### Information shown
"""

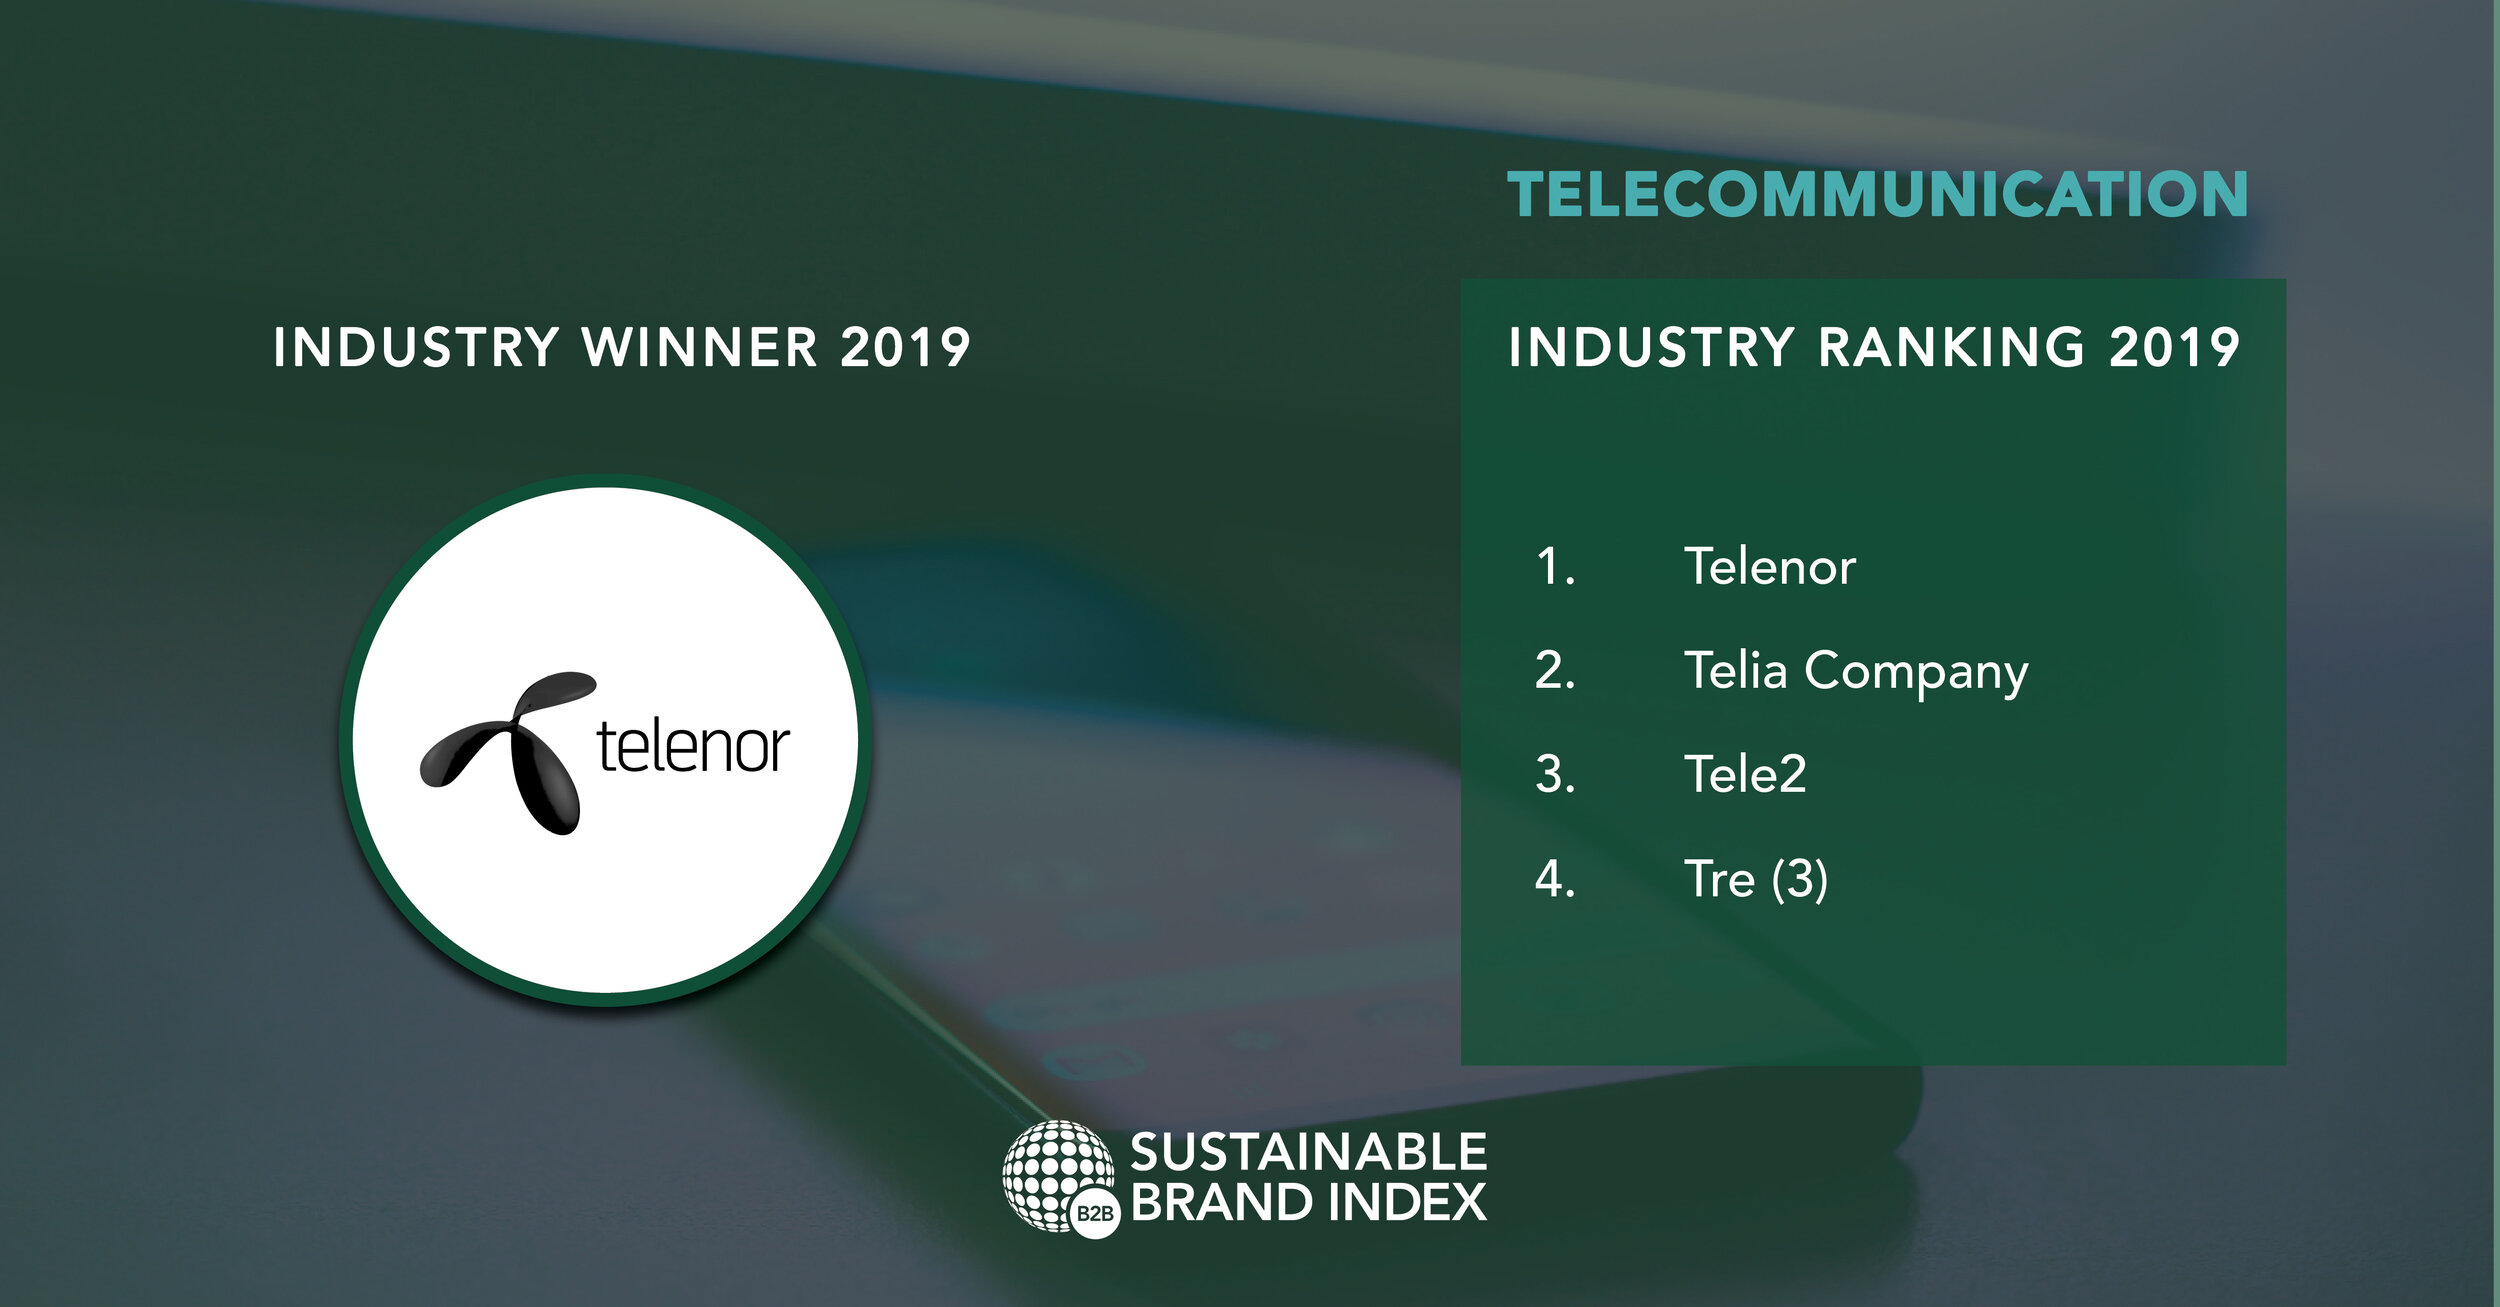 Telecommunication - Industry_Ranking_B2B_2019.jpg
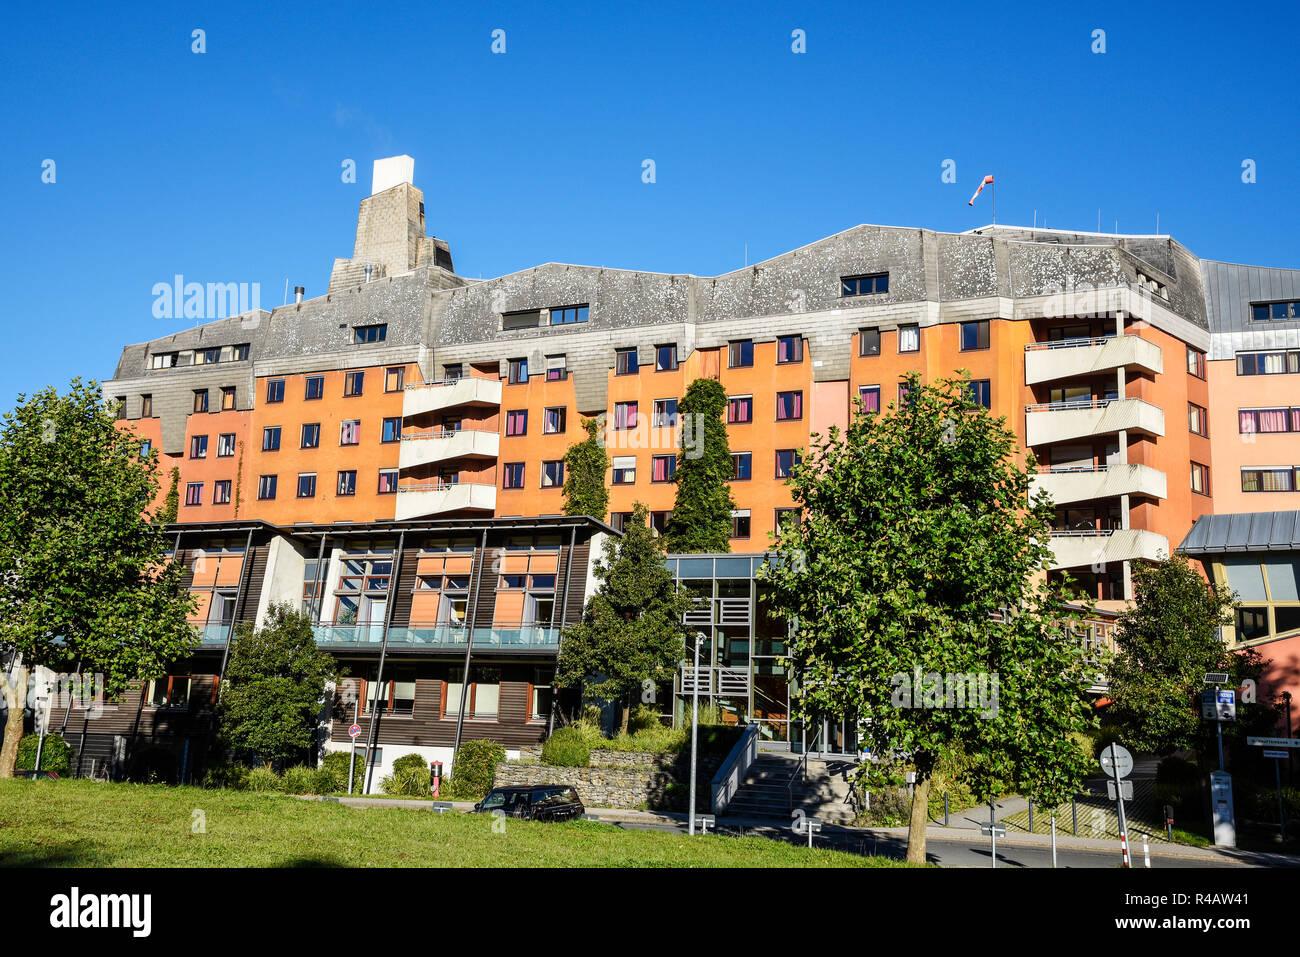 community hospital, anthroposophic hospital, Herdecke, North Rhine-Westphalia, Germany - Stock Image
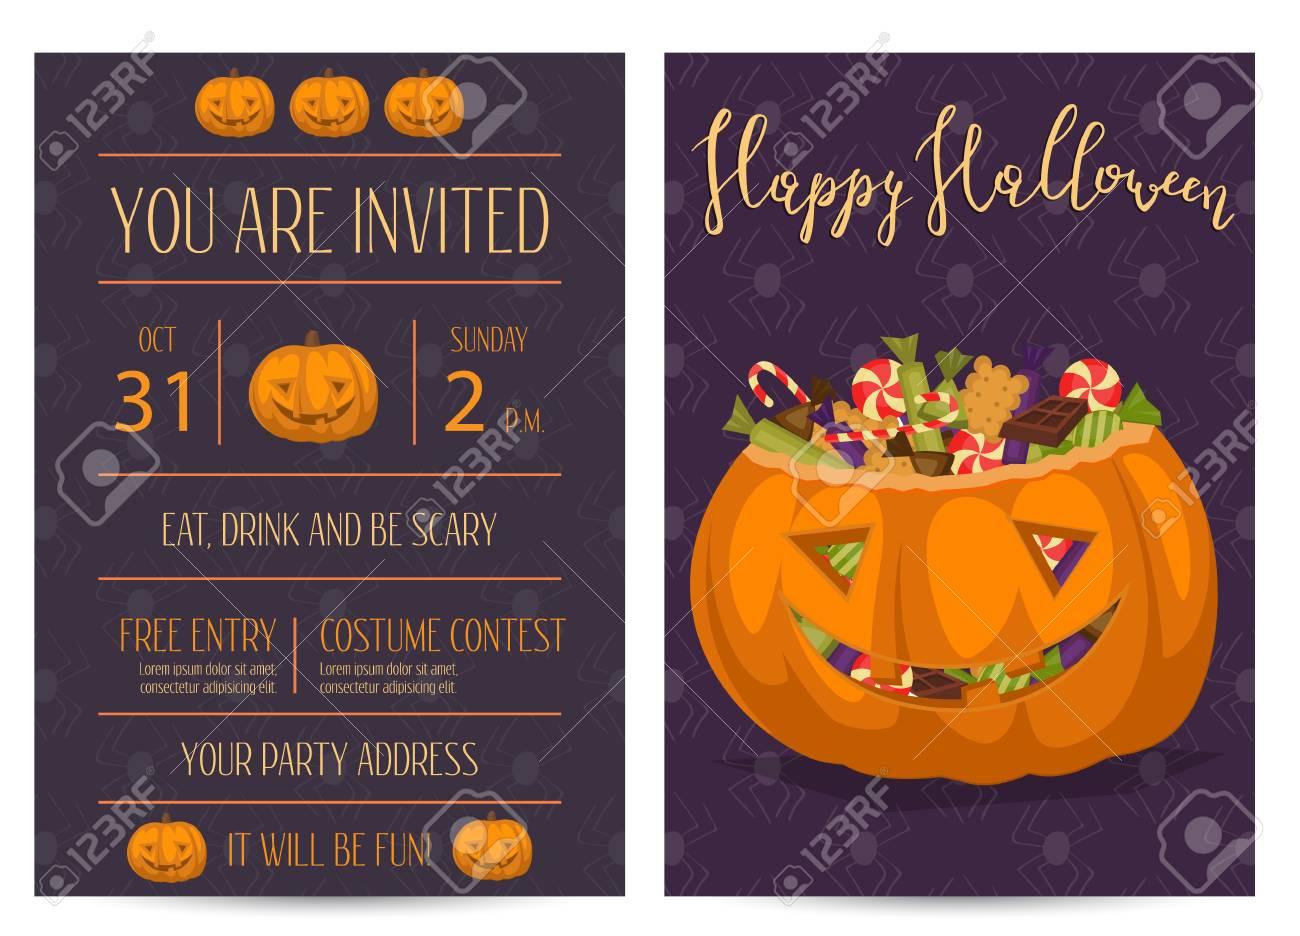 Happy Halloween Party Invitations With Scary Pumpkin Head Jack ...

"""

### Directions for this task
Leave the images out and output the remaining material exactly as it stands.

### Task output
 Telecommunication - Industry_Ranking_B2B_2019.jpg
 community hospital, anthroposophic hospital, Herdecke, North Rhine-Westphalia, Germany - Stock Image
 Happy Halloween Party Invitations With Scary Pumpkin Head Jack ...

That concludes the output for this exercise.